Process and what it does not settle
The proposed rule amends Part 40 to require the Commission to affirmatively determine that event contracts are contrary to the public interest before prohibiting them, replacing the current text’s ambiguity over whether a finding is necessary at all. The Commission proposes a 90-day review process triggered when it determines a contract may involve an enumerated activity. A delegation of authority provision allows the Director of the Division of Market Oversight to initiate review.
The rule would take effect 60 days after publication of a final rule in the Federal Register.
What the rule does not do is settle the preemption fight. The CFTC has asserted exclusive federal jurisdiction over prediction markets in litigation spanning more than a dozen states, winning preliminary injunctions in the Third Circuit, while a Ninth Circuit panel, which heard oral arguments in April in cases where a district court found the opposite, has not yet ruled. The proposed rule sharpens the CFTC’s legal argument and gives it a concrete regulatory text to cite in those proceedings. It also gives opponents a specific document to potentially challenge under the Administrative Procedure Act.
How we got here and what comes next
The rule is the product of a rulemaking process that began in February when the CFTC withdrew its 2024 proposal and relaunched with an ANPRM on March 16 drawing over 3,500 comments.
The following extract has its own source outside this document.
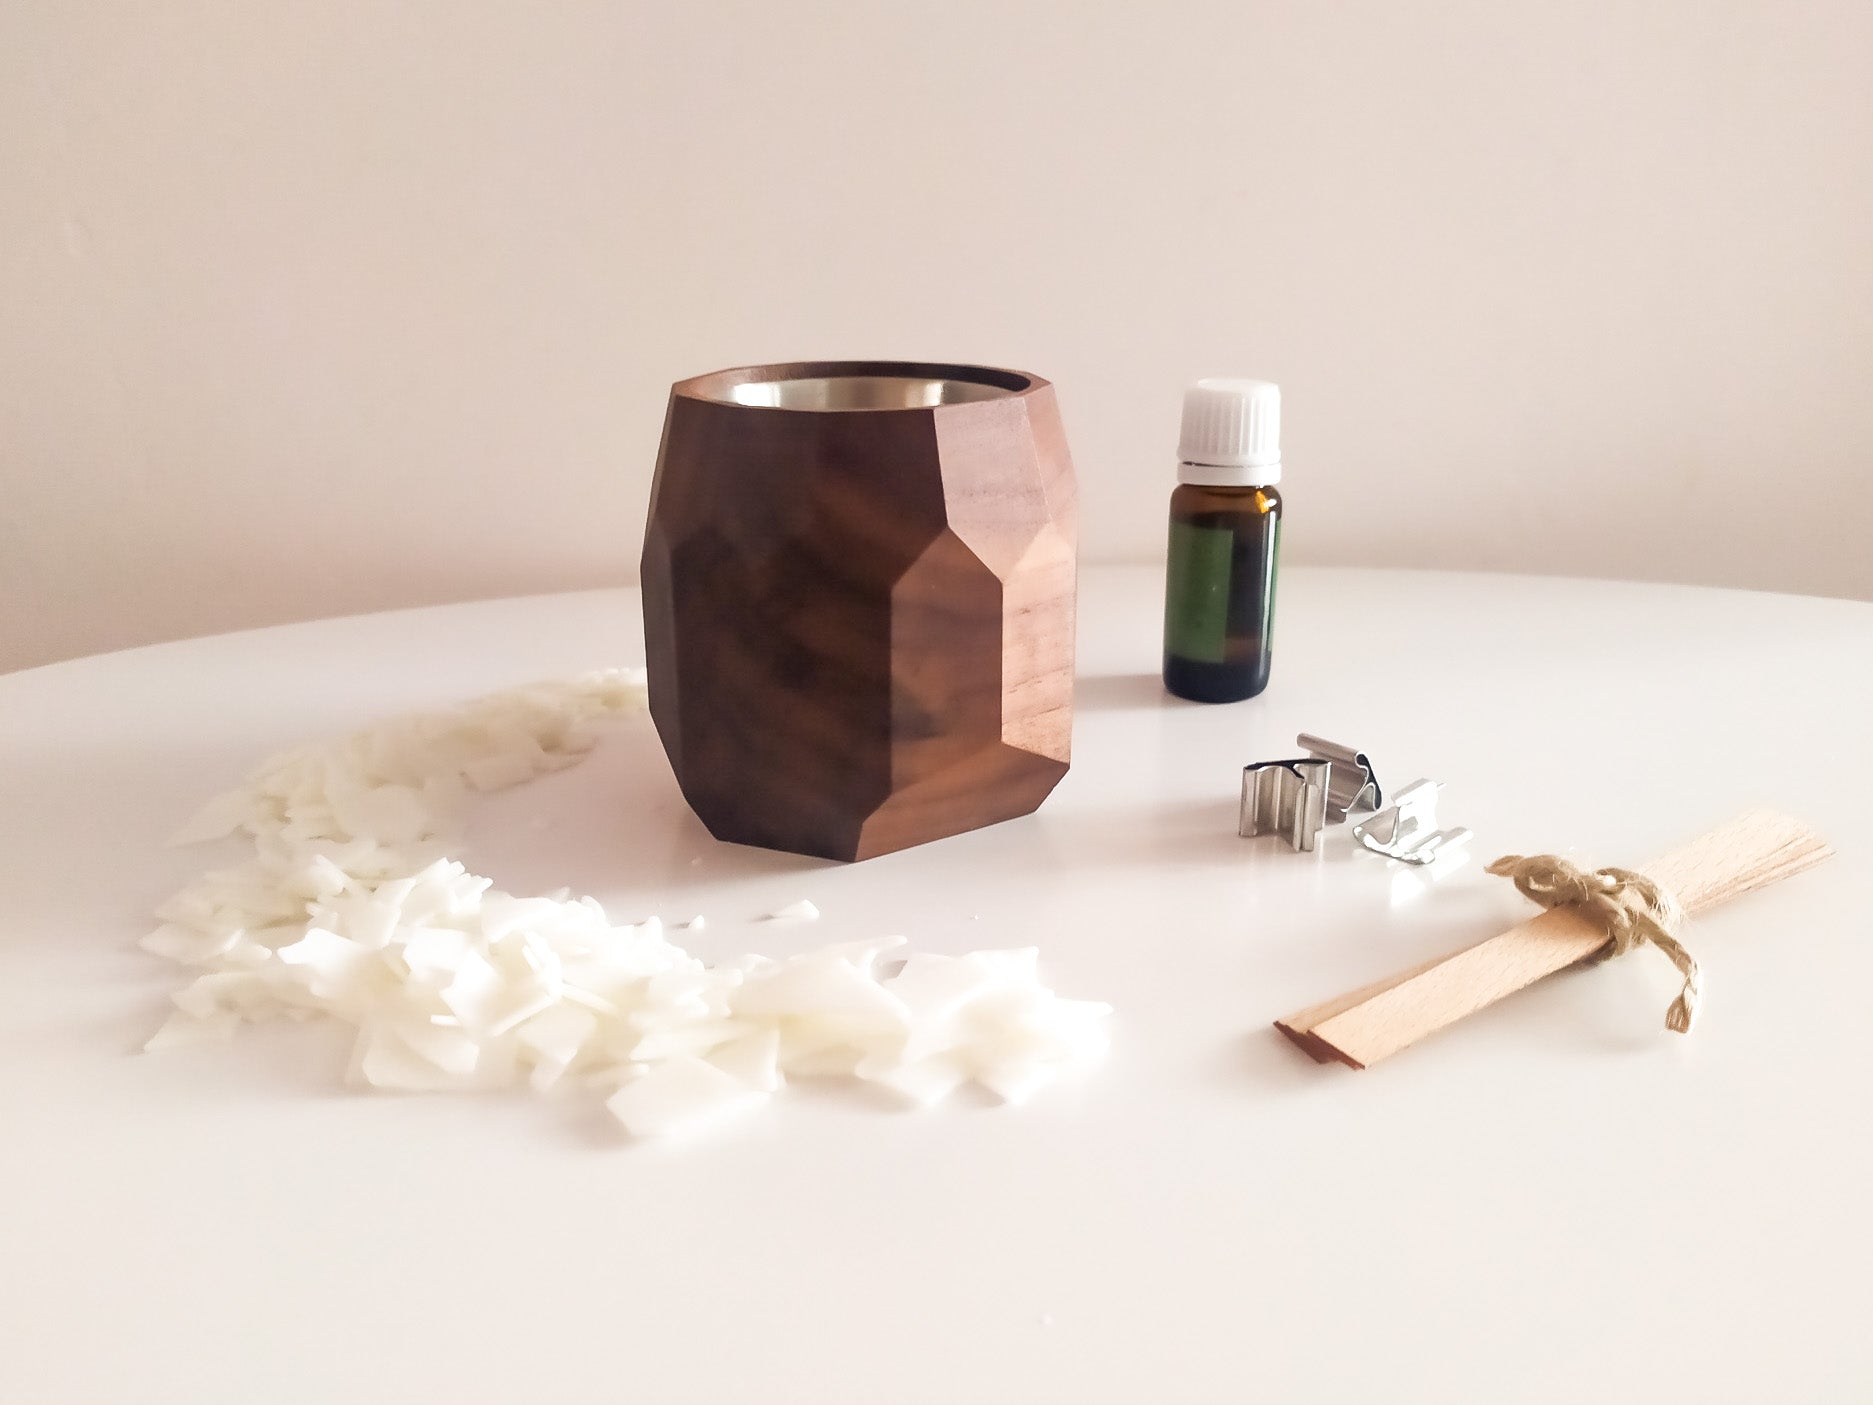 DIY Soy Candle In a Wooden Pot

Under Executive Order 14215, the CFTC submitted the rule to OIRA for review, required of independent agencies under the Trump administration. It cleared that review on June 5 as “Consistent with Change” with an Economically Significant designation, meaning projected annual economic effects of $200 million or more.
The stakes of the gaming definition are high, with more than a dozen active court cases hinging partially on that aspect of the statute. DeFi Rate’s volume data shows sports running at 84–85% of Kalshi’s weekly notional volume in recent weeks. With the World Cup group stage about to kick off, that percentage has the potential to push into the low-90s over the next two months.
The comment period runs 45 days from Federal Register publication. After that, Selig must review submissions, hold a vote, and publish a final rule, with the rule taking effect 60 days after that. A bipartisan letter from House lawmakers who oversee the CFTC has asked President Trump to fill the commission, arguing the public and markets “will be best served by a full five-member commission” and that a full slate would produce “more durable rules.” Senator Warren, in a letter to Selig filed June 8, went further, citing the Polymarket approval, the Gemini enforcement reversal, and staff departures as “concerning signs of a CFTC beholden to political pressures” and requesting a record of communications between the CFTC and prediction market firms by June 18.